We can combine these to get the first 5 rows of a column:

In [None]:
complaints['complaint_type'][:5]

and it doesn't matter which direction we do it in:

In [None]:
complaints[:5]['complaint_type']

# 2.3 Selecting multiple columns

What if we just want to know the complaint type and the borough, but not the rest of the information? Pandas makes it really easy to select a subset of the columns: just index with list of columns you want.

In [None]:
complaints[['complaint_type', 'borough']]

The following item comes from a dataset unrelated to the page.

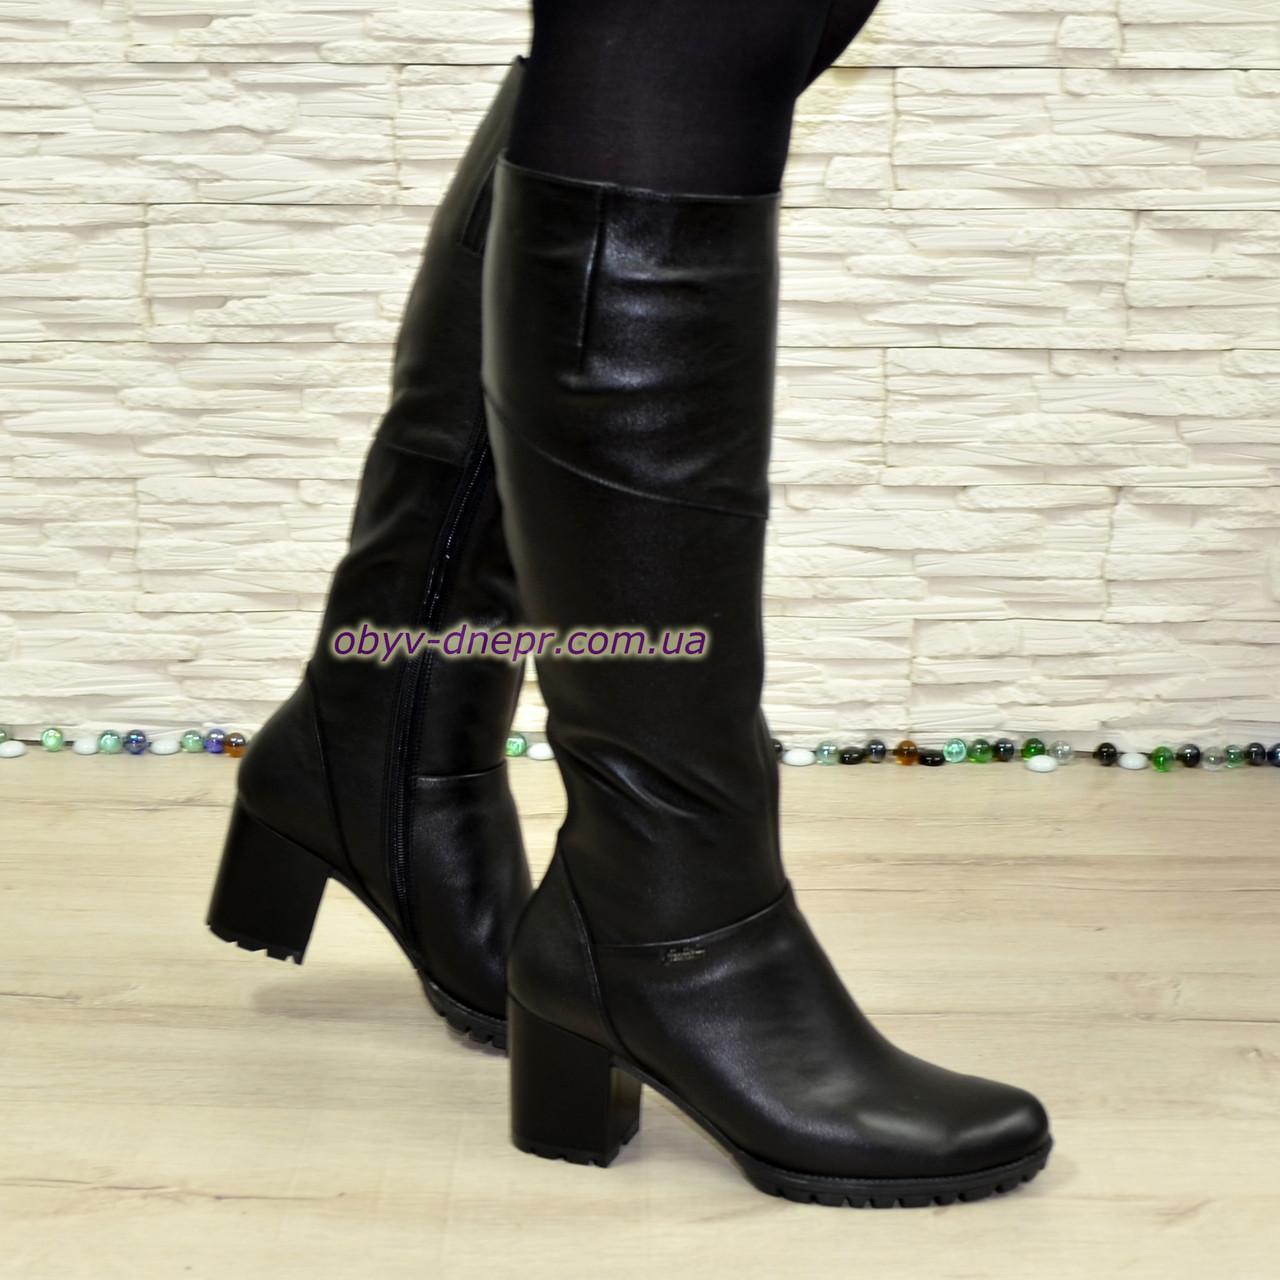 Сапоги женские зимние на устойчивом каблуке, натуральная черная кожа.

That showed us a summary, and then we can look at the first 10 rows:

In [None]:
complaints[['complaint_type', 'borough']][:10]

# 2.4 What's the most common complaint type?

This is a really easy question to answer! There's a `.value_counts()` method that we can use:

In [None]:
complaints['complaint_type'].value_counts()

If we just wanted the top 10 most common complaints, we can do this:

In [None]:
complaint_counts = complaints['complaint_type'].value_counts()
complaint_counts[:10]

But it gets better! We can plot them!

In [None]:
complaint_counts[:10].plot(kind='bar')

<style>
    @font-face {
        font-family: "Computer Modern";
        src: url('http://mirrors.ctan.org/fonts/cm-unicode/fonts/otf/cmunss.otf');
    }
    div.cell{
        width:800px;
        margin-left:16% !important;
        margin-right:auto;
    }
    h1 {
        font-family: Helvetica, serif;
    }
    h4{
        margin-top:12px;
        margin-bottom: 3px;
       }
    div.text_cell_render{
        font-family: Computer Modern, "Helvetica Neue", Arial, Helvetica, Geneva, sans-serif;
        line-height: 145%;
        font-size: 130%;
        width:800px;
        margin-left:auto;
        margin-right:auto;
    }
    .CodeMirror{
            font-family: "Source Code Pro", source-code-pro,Consolas, monospace;
    }
    .text_cell_render h5 {
        font-weight: 300;
        font-size: 22pt;
        color: #4057A1;
        font-style: italic;
        margin-bottom: .5em;
        margin-top: 0.5em;
        display: block;
    }
    
    .warning{
        color: rgb( 240, 20, 20 )
        }  

## Section 2

Now that you've worked through that with the **NYC data**, let's look at **DC 311 data from 2016**.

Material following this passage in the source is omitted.